[PROBLEM STATEMENT] Below are the entries. Print only the lines starting at the one with "FUJIFILM ミラーレス一眼レフカメラ X-Pro1" and ending at the one with "Plakat promujący spotkanie", exactly, with no pictures.

[LISTED RECORDS]
****
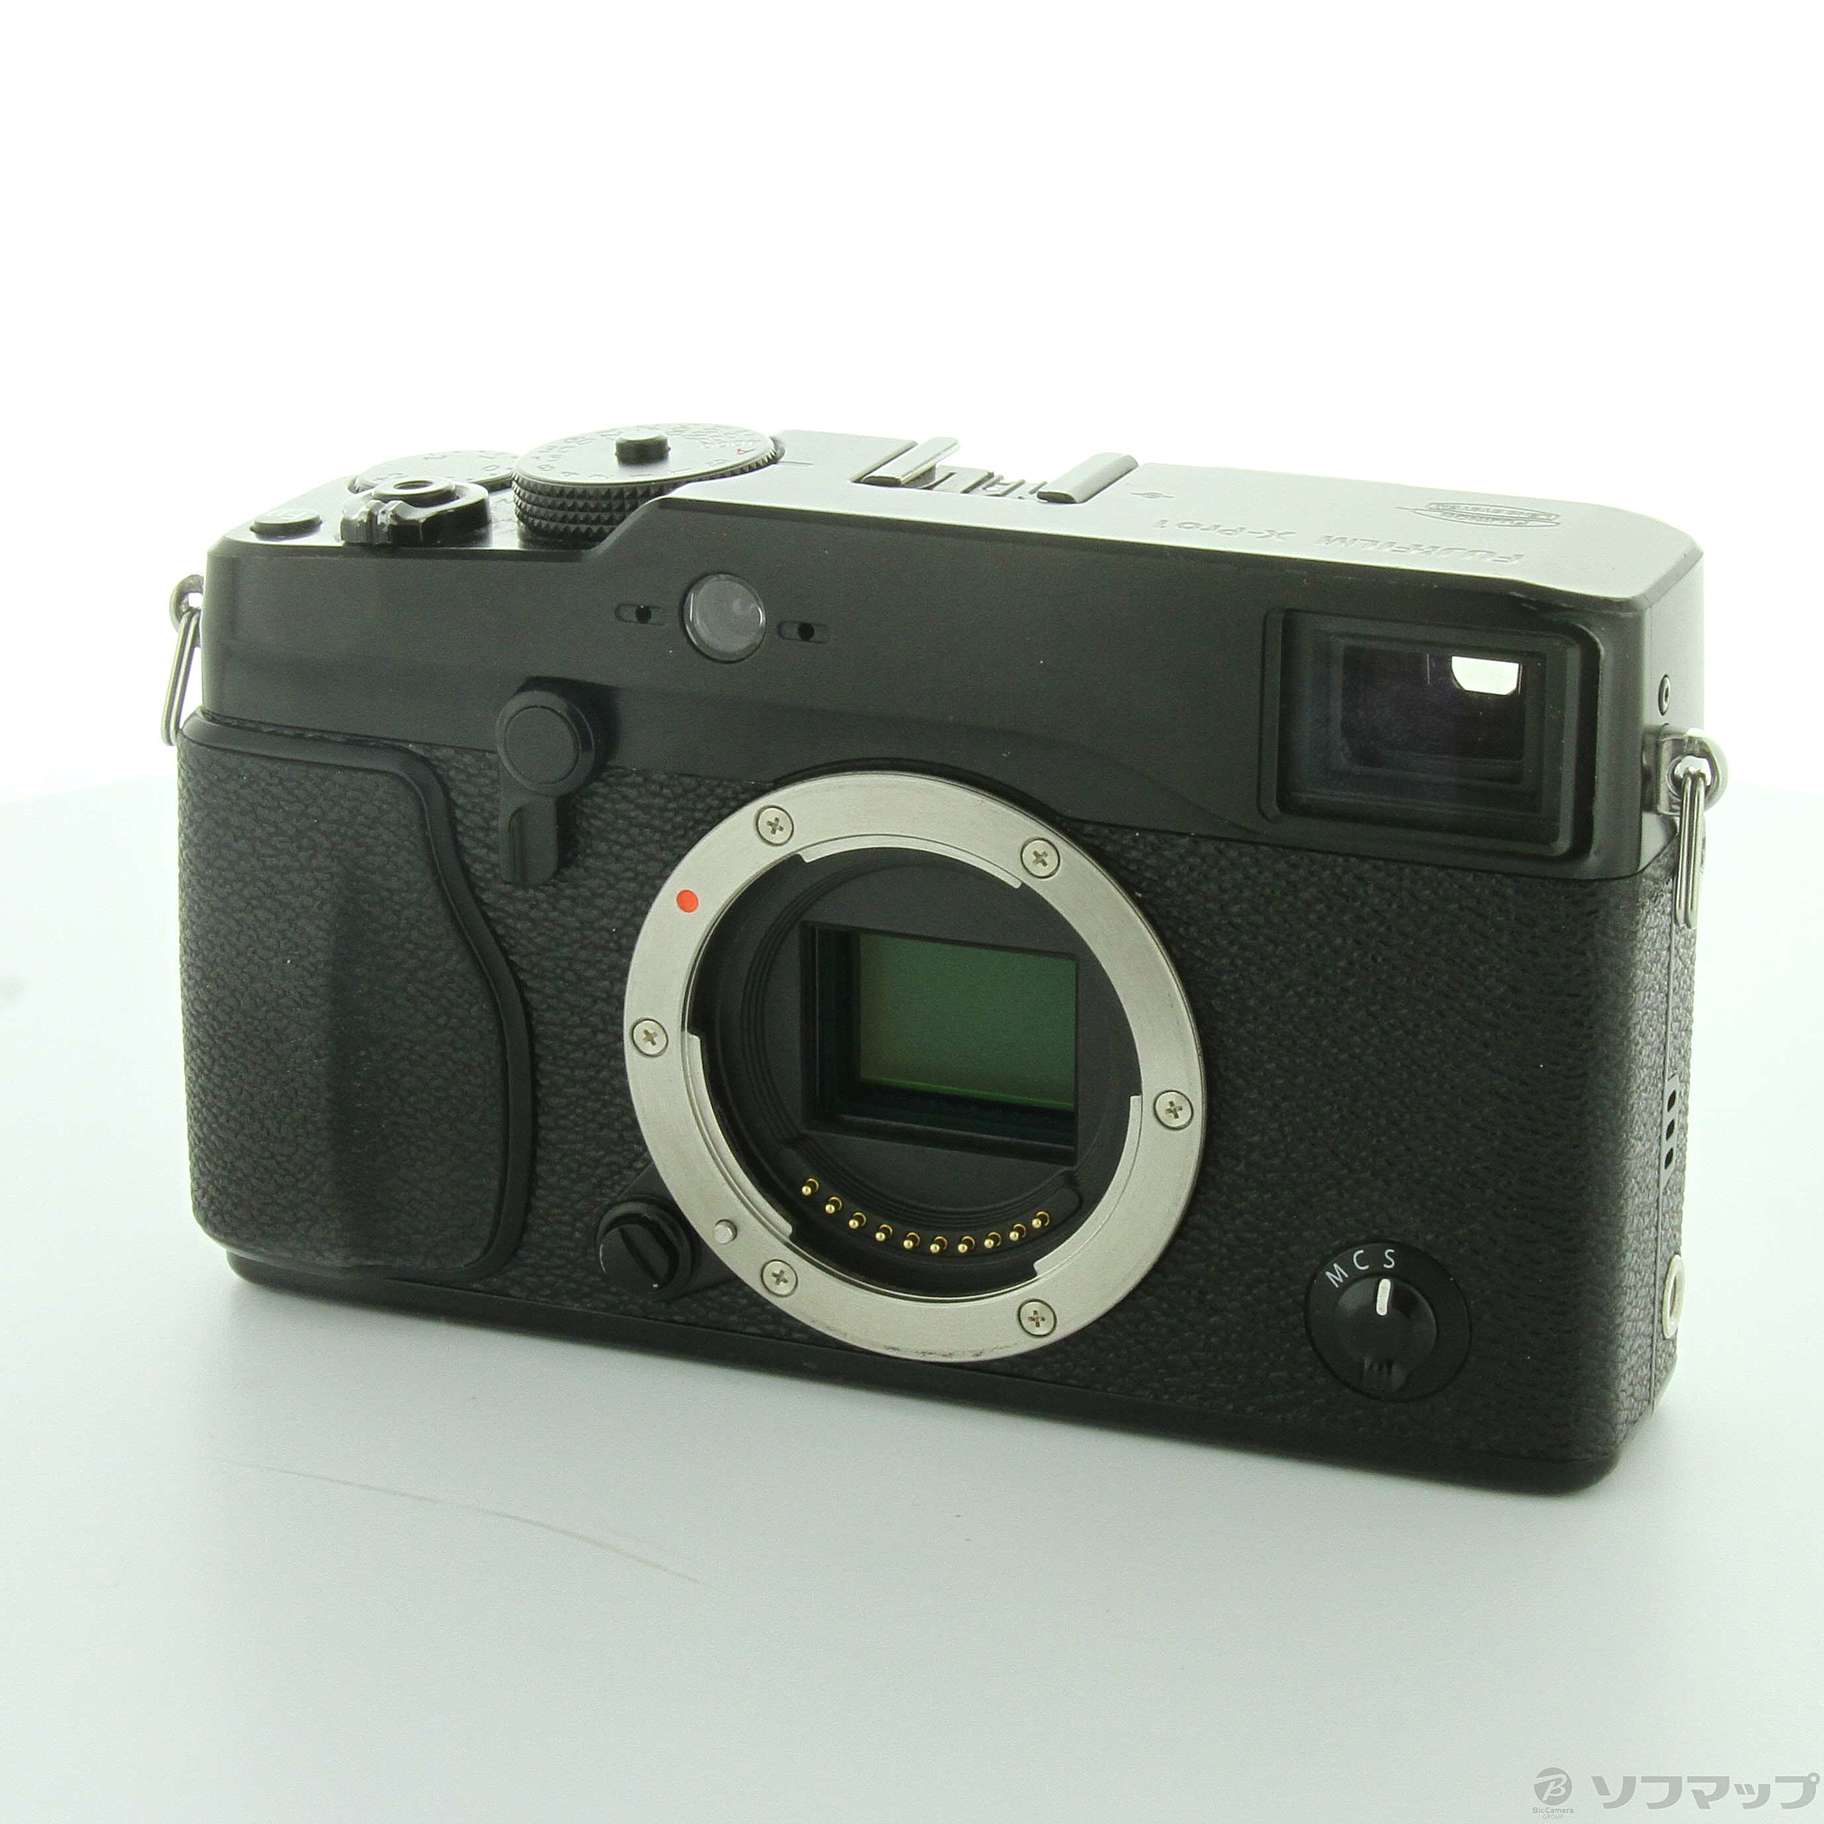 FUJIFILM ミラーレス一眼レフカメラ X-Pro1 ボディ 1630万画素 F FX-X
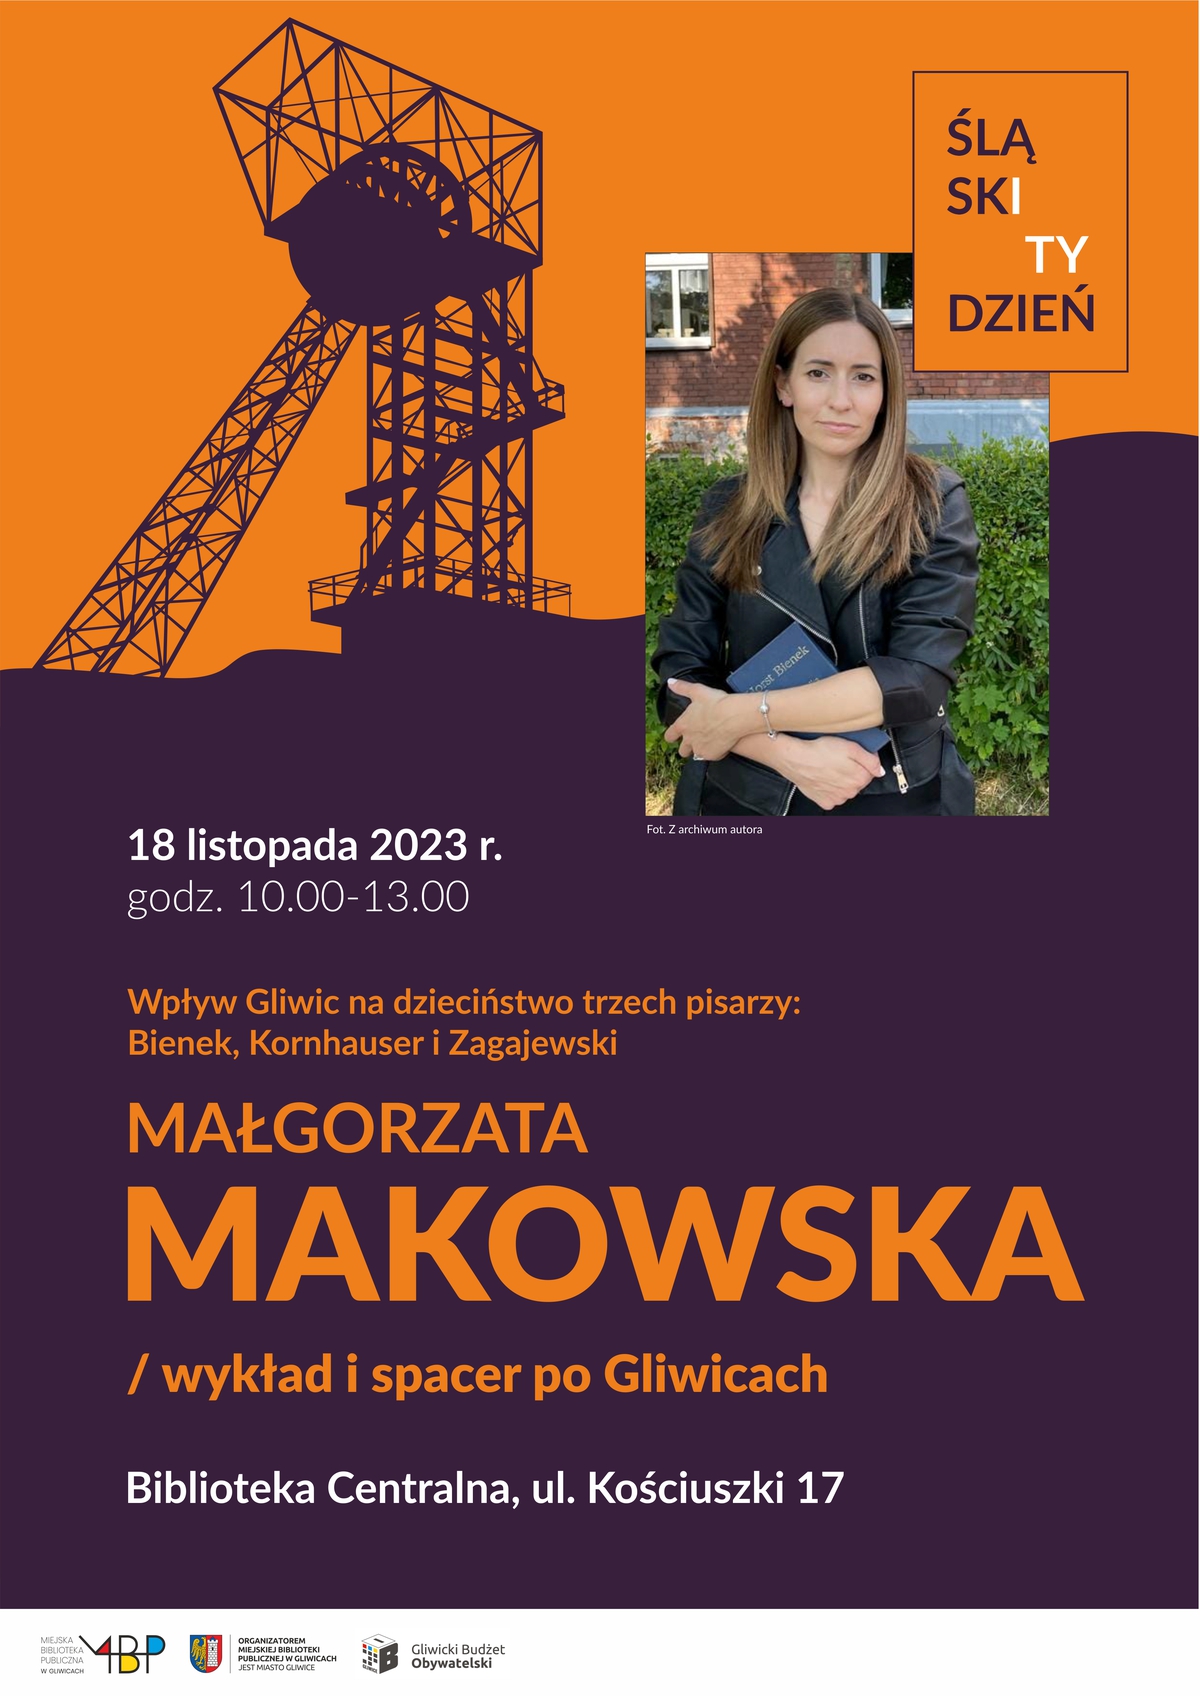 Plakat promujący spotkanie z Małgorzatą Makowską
****
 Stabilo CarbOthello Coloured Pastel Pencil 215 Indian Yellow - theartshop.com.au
****
[WRITTEN RESPONSE]
 FUJIFILM ミラーレス一眼レフカメラ X-Pro1 ボディ 1630万画素 F FX-X
 Plakat promujący spotkanie z Małgorzatą Makowską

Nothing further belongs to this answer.